International guidelines agree on the use of PTH replacement therapy in selected patients who are not adequately controlled on therapy with calcium and active vitamin D supplementation. Khan et al. [22] recommend PTH replacement therapy in patients with symptomatic hypocalcemia, hyperphosphatemia, renal insufficiency, hypercalciuria, or poor quality of life. Bollerslev et al. [21] suggest PTH therapy for patients whose serum and urine calcium cannot be kept within target ranges in a stable and safe manner. Furthermore, serum albumin-adjusted calcium levels that are persistently outside the normal range and hypercalciuria are additional indications for PTH replacement therapy.
They also specify that PTH replacement therapy should be initiated in the event of persistent symptoms and/or the need for hospitalization, as well as in cases of poor tolerance of treatment with calcium and active vitamin D. This indicates that factors beyond biochemical parameters play a role in the response to treatment. This Delphi survey was conducted before and during the early phases of market entry of palopegteriparatide, therefore no wide spread experience with its usage in the German market existed during the time of this project.

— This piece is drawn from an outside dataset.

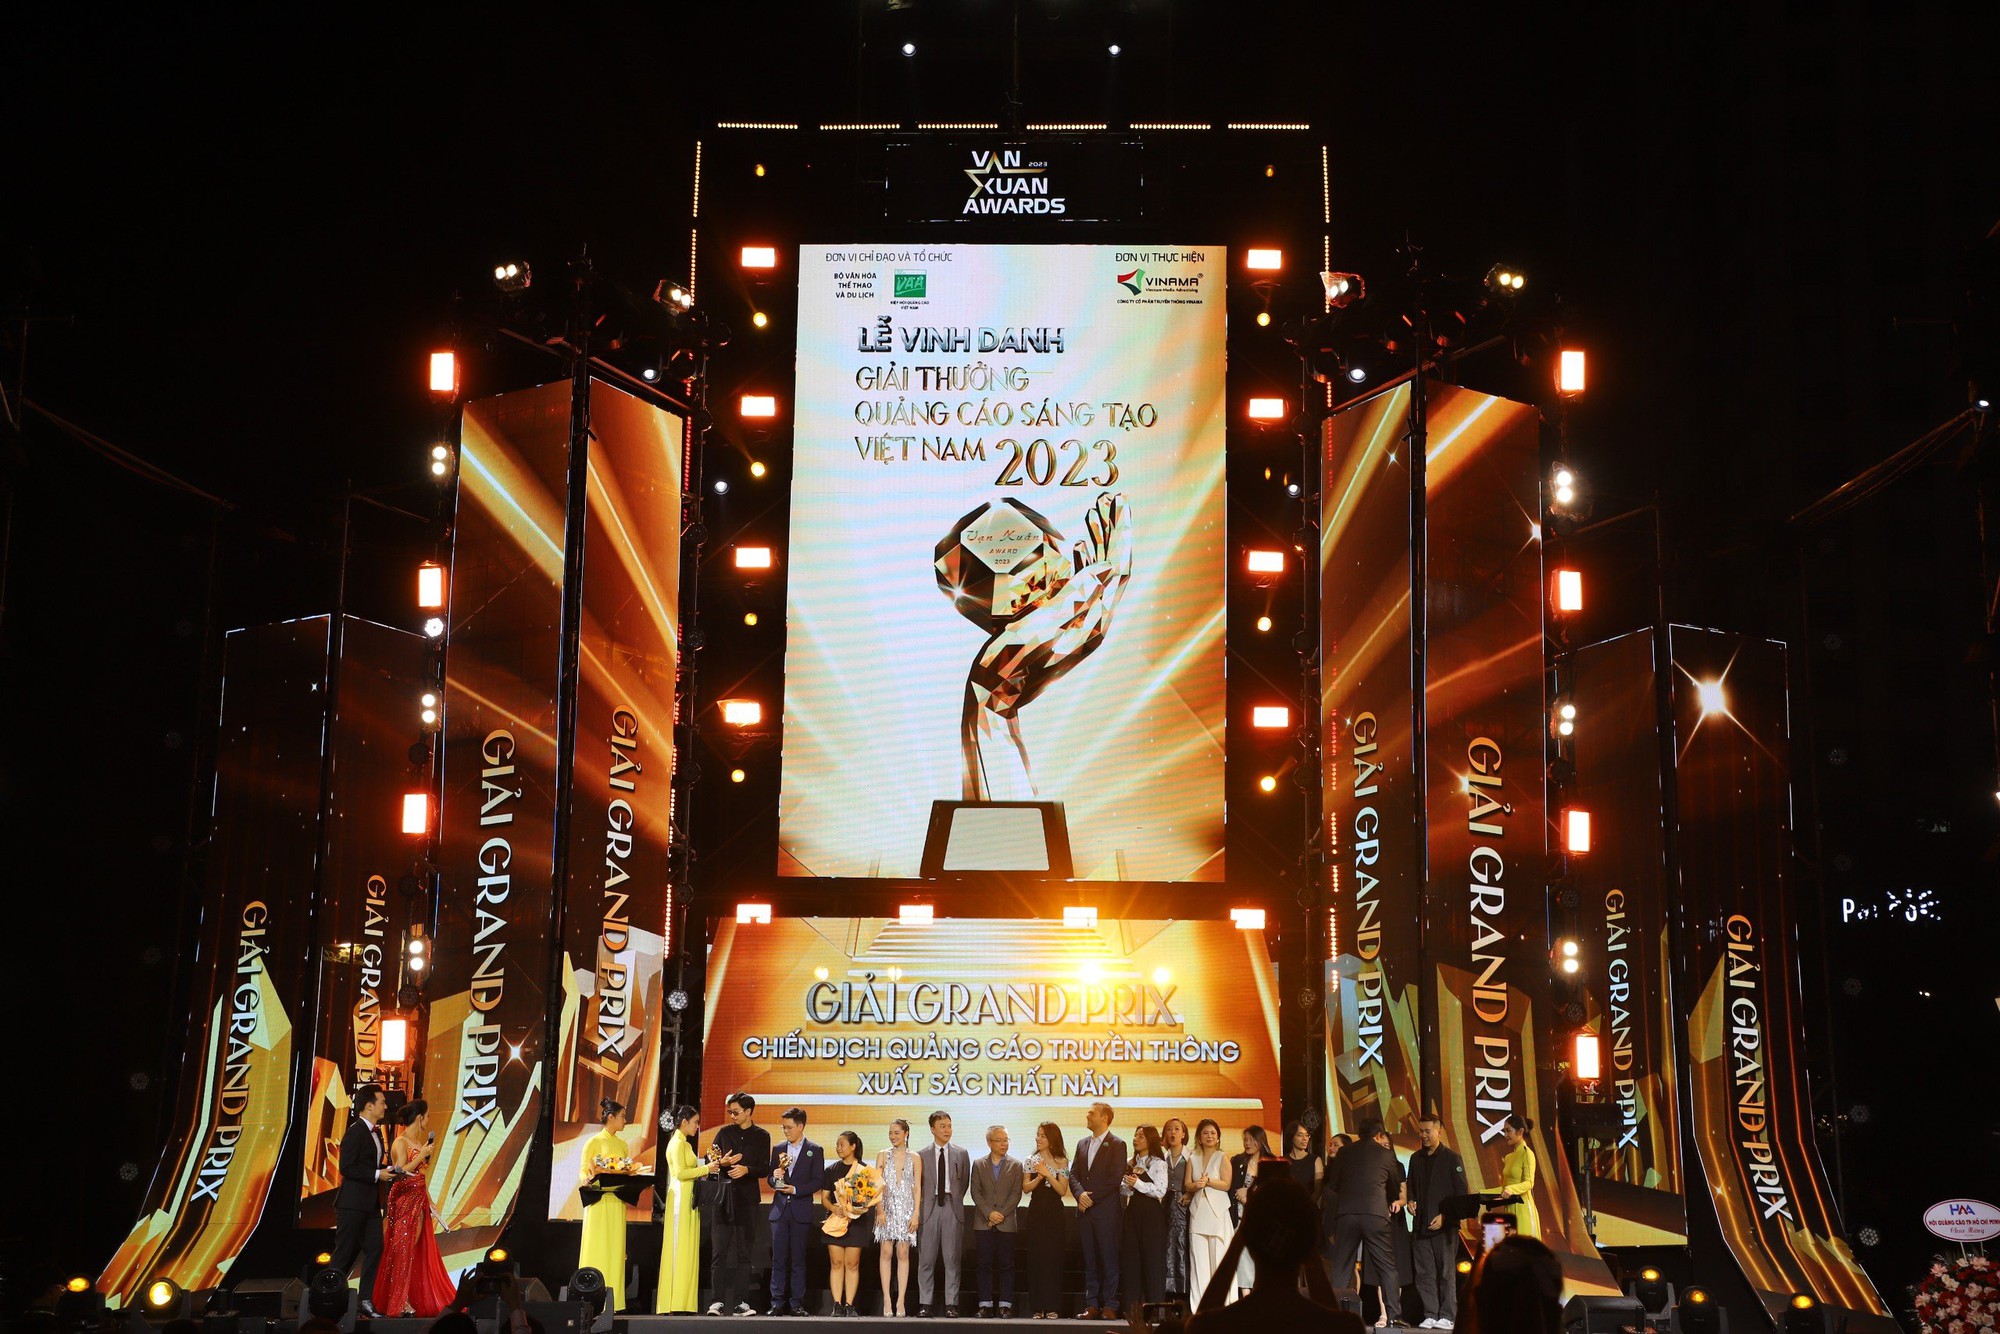 Giải Grand Prix vinh danh thương hiệu có chiến dịch Quảng cáo truyền thông xuất sắc nhất năm thuộc về Nestle's và Vietinbank

While this Delphi survey provides valuable guidance from experts on HypoPT, there are several limitations to consider. First, the small sample size of seven clinical experts limits the generalizability of the findings. Although this number is consistent with the Delphi method, a larger panel might capture a broader spectrum of clinical opinions and practices.
Second, although we identified and reached consensus on many relevant factors for HypoPT diagnosis, treatment, and monitoring, this list is not exhaustive. Additional parameters and factors may be required in clinical practice depending on patient-specific needs and evolving treatment protocols. Future research should explore these additional parameters and validate them within broader patient populations to further enhance practical applicability.
Furthermore, while consensus was reached on many diagnostic and monitoring practices, areas such as the exact threshold for PTH levels and the optimal timing for identifying chronic HypoPT were less conclusive. This ambiguity highlights the ongoing need for research and further refinement of best practices for HypoPT management.
Lastly, while consensus was achieved on the importance of quality of life measurements, there is currently no universally accepted disease-specific tool for HypoPT in clinical practice. The HPQ28 questionnaire offers a promising approach being available in German and free of cost and should be progressively implemented in the regular care of HypoPT patients in future. Having been originally been drafted in German and English, it is now also available in other languages. In particular, it has been adapted and validated in French and Danish, while adaptations in Italian, Czech, Spanish and Turkish are pending. The still existing gap in QOL documentation underscores the importance of continued validation and implementation of such tools to better support patient-centered care in everyday clinical practice.